# Northern Manitoba Roads



## JoeCool

I came across some old pictures from my days driving my truck to remote towns with freight. These ones were after a recent snow and freshly plowed. Was a good trip. In the 4-hour one way stretch you may only meet a couple vehicles, often none...


----------



## Burkartsplow

The orginal ice road trucker right there. Looks like a good time.


----------



## JoeCool

That is an all weather road actually. Runs to a town that exists to service a group of Hydro Electric Dams. Here is a couple of Ice Roads though. This pressure ridge was closed to loaded traffic and we only used it on our way out empty, saved a few hours of rough roads the other exit.


----------



## JoeCool

This bush road was a favorite for me. 10-11 hours of road, then 4-8 hours of bush each way. The second shows the ice at my step looking down as I cross the one scary stretch of fast flowing river ice before entering the bush for an 6-10 hour run each way.


----------



## Dan85

Great shots, that's some serious driving! Would you travel alone or did you have any other trucks traveling with you? 

- Dan


----------



## JoeCool

Dan85;858816 said:


> Great shots, that's some serious driving! Would you travel alone or did you have any other trucks traveling with you?
> 
> - Dan


We tried to run a few together if we could, then you could pool talent and tools if there was a problem. My favorite route in the one pic I quite often ran alone, you might catch up to someone. 36 hour ringer (crisp and cold makes for good road). In this one you can see my travelling partner. We are running maybe 20 mph and almost at the ice crossing to begin the 10 hr. return on the gravel then pavement back for another load.


----------



## wewille

Very cool pictures thanks for sharing!


----------



## FEFMedia

nice pictures.. thanks for posting!


----------



## fireball

see that you have a rush hour problem too. Thanks for sharing


----------



## Raymond S.

N.F.W. = No F#*!%^# Way!!!!! You can have that driving.


----------



## Dan85

JoeCool;858861 said:


> We tried to run a few together if we could, then you could pool talent and tools if there was a problem. My favorite route in the one pic I quite often ran alone, you might catch up to someone. 36 hour ringer (crisp and cold makes for good road). In this one you can see my travelling partner. We are running maybe 20 mph and almost at the ice crossing to begin the 10 hr. return on the gravel then pavement back for another load.
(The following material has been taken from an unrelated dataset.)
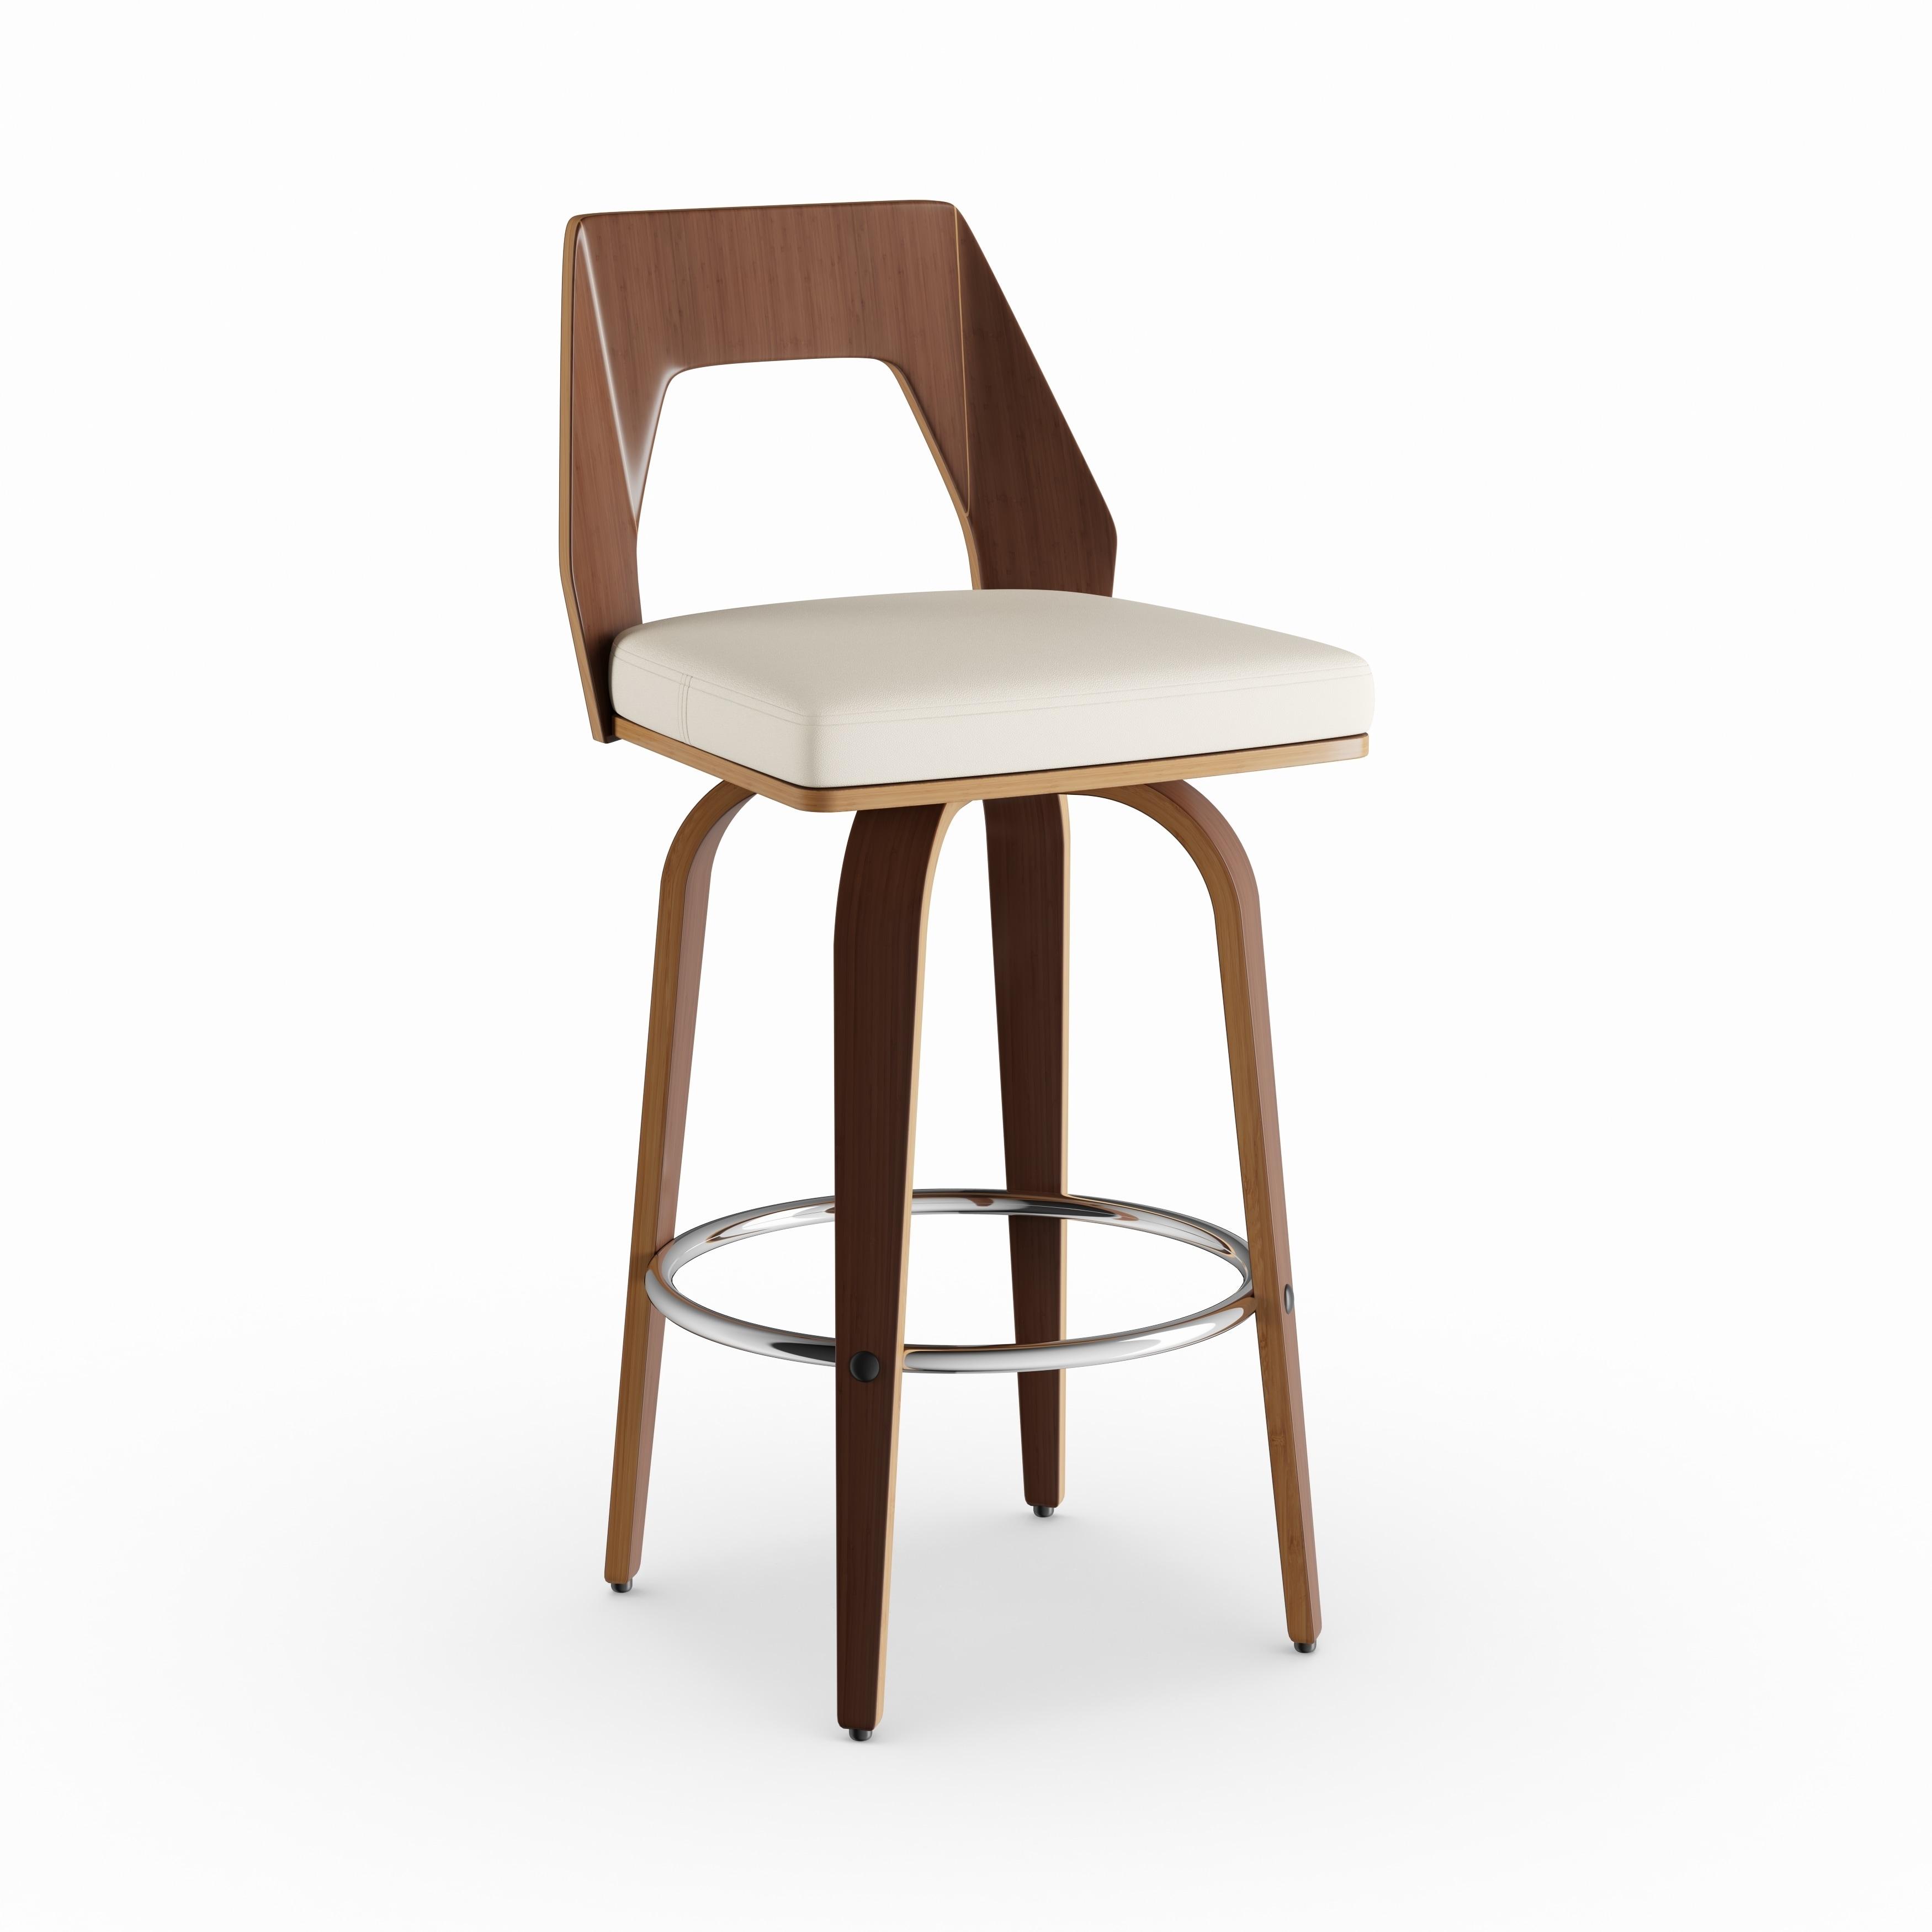 Shop strick bolton ross mid century modern walnut wood swivel bar stool on sale free shipping today overstock com 20170744

 I don't think I could ever get use to the idea of traveling out there alone or not seeing anyone for hours on end!

- Dan


----------



## JoeCool

Dan85;860851 said:


> I don't think I could ever get use to the idea of traveling out there alone or not seeing anyone for hours on end!
> 
> - Dan


Figured I was 'special' lol. I was just a 30 year-old doing it for a few short years. Many guys did (do) that for a full career. Very knowledgeable and helpful. I still deal with some of them 15 years later in my decal work. Maybe I am 'special'. As for the alone part, it was a bit unnerving when I started but once I was in and back a couple times you just roll with it and enjoy the peace. Even the 'road loads' are low traffic. Longer runs are 12-14 hrs from end to end and the further out from the south the less traffic... less everything, except trees, lol.


----------



## JoeCool

Burkartsplow;858584 said:


> The orginal ice road trucker right there. Looks like a good time.
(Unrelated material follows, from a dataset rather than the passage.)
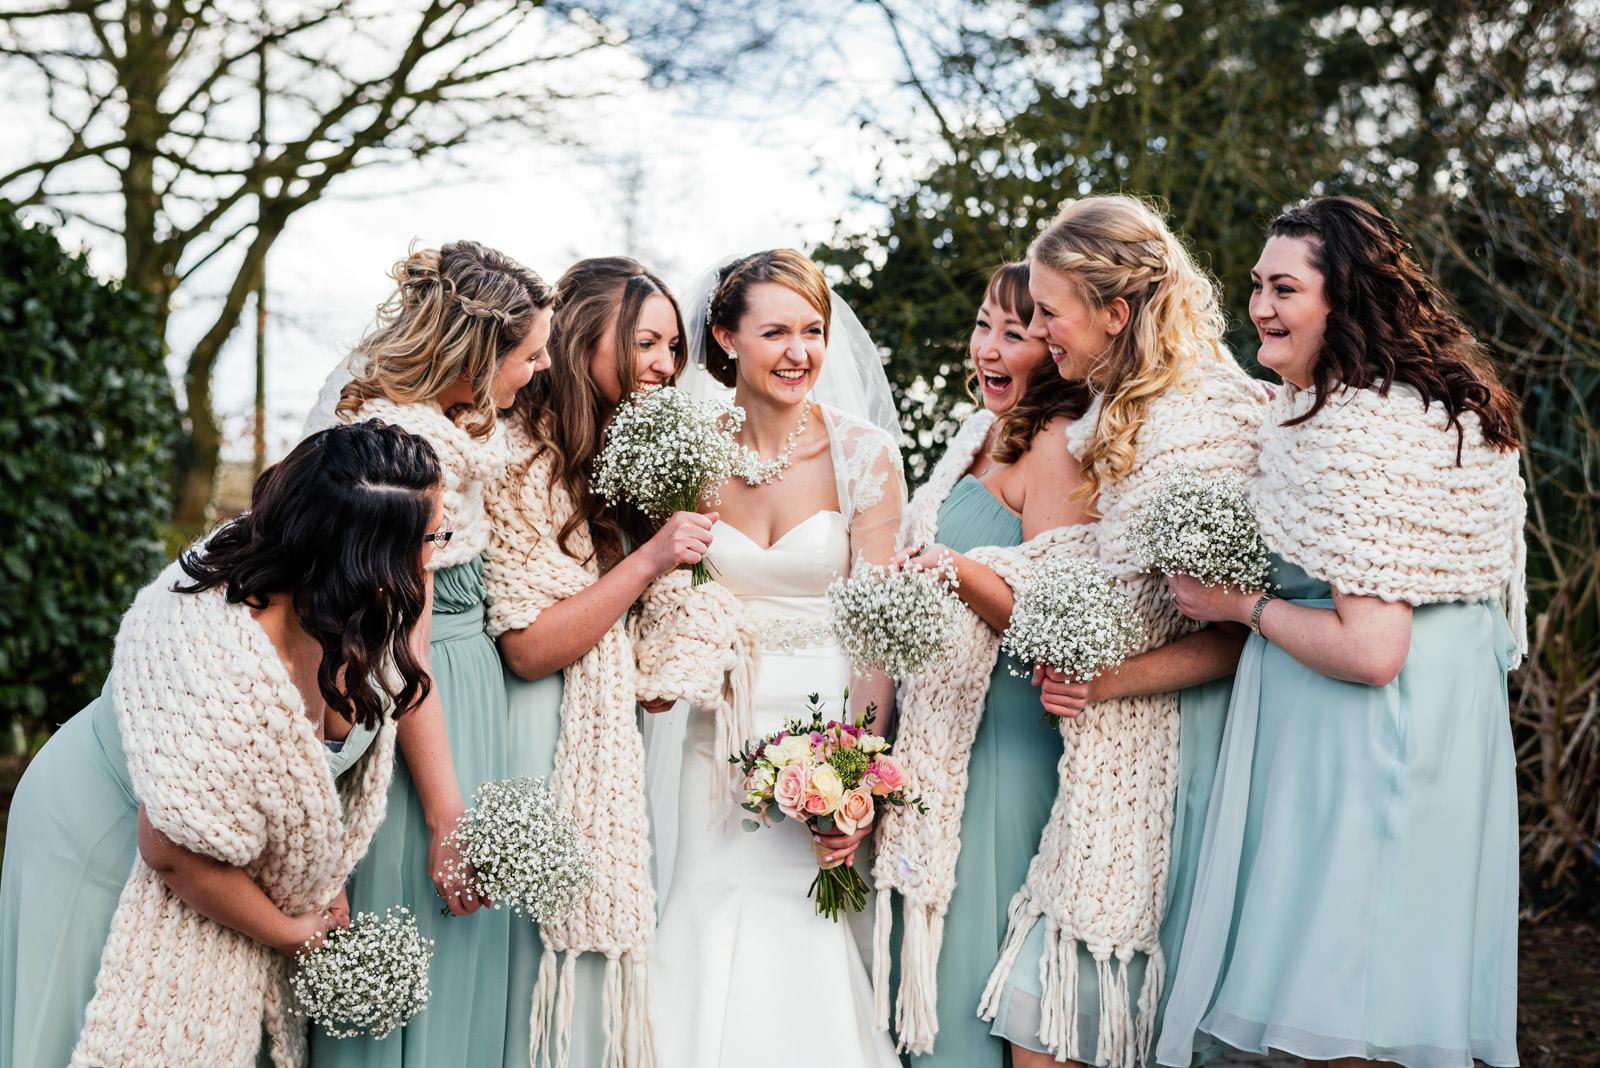 informal bridesmaids group photo

http://boards.history.com/topic/Ice-Road-Truckers/Winter-Roads/520044201 
I just was searching to see if I could find some other pictures on GOOGLE that would show the roads. I came across this blog. When I watch Ice Road Truckers I kept thinking the same thing as the guy from Gimli says. That the roads on the show look pretty tame, pretty closely monitored and not nearly as technical. Good to hear someone else say it, lol. I will be at a buddy's place this weekend and see if I can borrow some of his pictures and scan them. All I have left is a few from crashes in the bush and they are kinda lame.


----------



## EaTmYtAiLpIpEs

cool pics too bad you dont have anymore.


----------



## blowerman

Nice pics, thanks for sharing them.


----------



## Mark Oomkes

blowerman;861201 said:


> Nice pics, thanks for sharing them.


Ditto, awesome.

Ever see any UFO's? :laughing::laughing:


----------



## JoeCool

Mark Oomkes;861204 said:


> Ditto, awesome.
> 
> Ever see any UFO's? :laughing::laughing:


Better question would be be Sasquatch or Yeti... But what I have seen in the sky is the Northern Lights in extremely clear and full colour. Even a few hundred miles south, at home, they are not the same.


----------



## JoeCool

I have a few more pictures, just scanning them all in for my own collection and will post a few that might be of interest. This one is pretty narrow and gets very limited traffic.


----------



## JoeCool

Bare ice freezes down good and safe, heavy snow works the opposite.


----------



## JoeCool

Cat trains, with tires and with skis. Trucks bring the fuel to the nearest point and cats take it to the towers for supplying the generators. The year on the pictures is wrong. I decalled those trucks a couple years ago.


----------



## JoeCool

OK, this is an actual storm pic. After a storm the road was blocked and the trucks waited I believe almost 2 days for equipment to open it up. These are just before they got moving again.


----------



## JoeCool

Carrying a Satellite phone is now the norm., but who ya gonna call? Lol. When the trees are getting pretty small and spindly you know you are a long way north. Fort Severn is close to Hudson's Bay. Apparently on the Ontario side of the line, which I never knew.


----------



## JoeCool

Caribou are abundant and wolves seen often. Magical sunsets mean cold nights...


----------



## JoeCool

And that's about all that I think I'll throw on here. There were 11 rolls of film that I borrowed the prints for. When I return them he may have found some older ones. 10 of these rolls were from this past spring. There should be another 20 years of them, lol.


----------



## Mark Oomkes

Beautiful pics, Joe. 

You can post as many as you want if you want my opinion.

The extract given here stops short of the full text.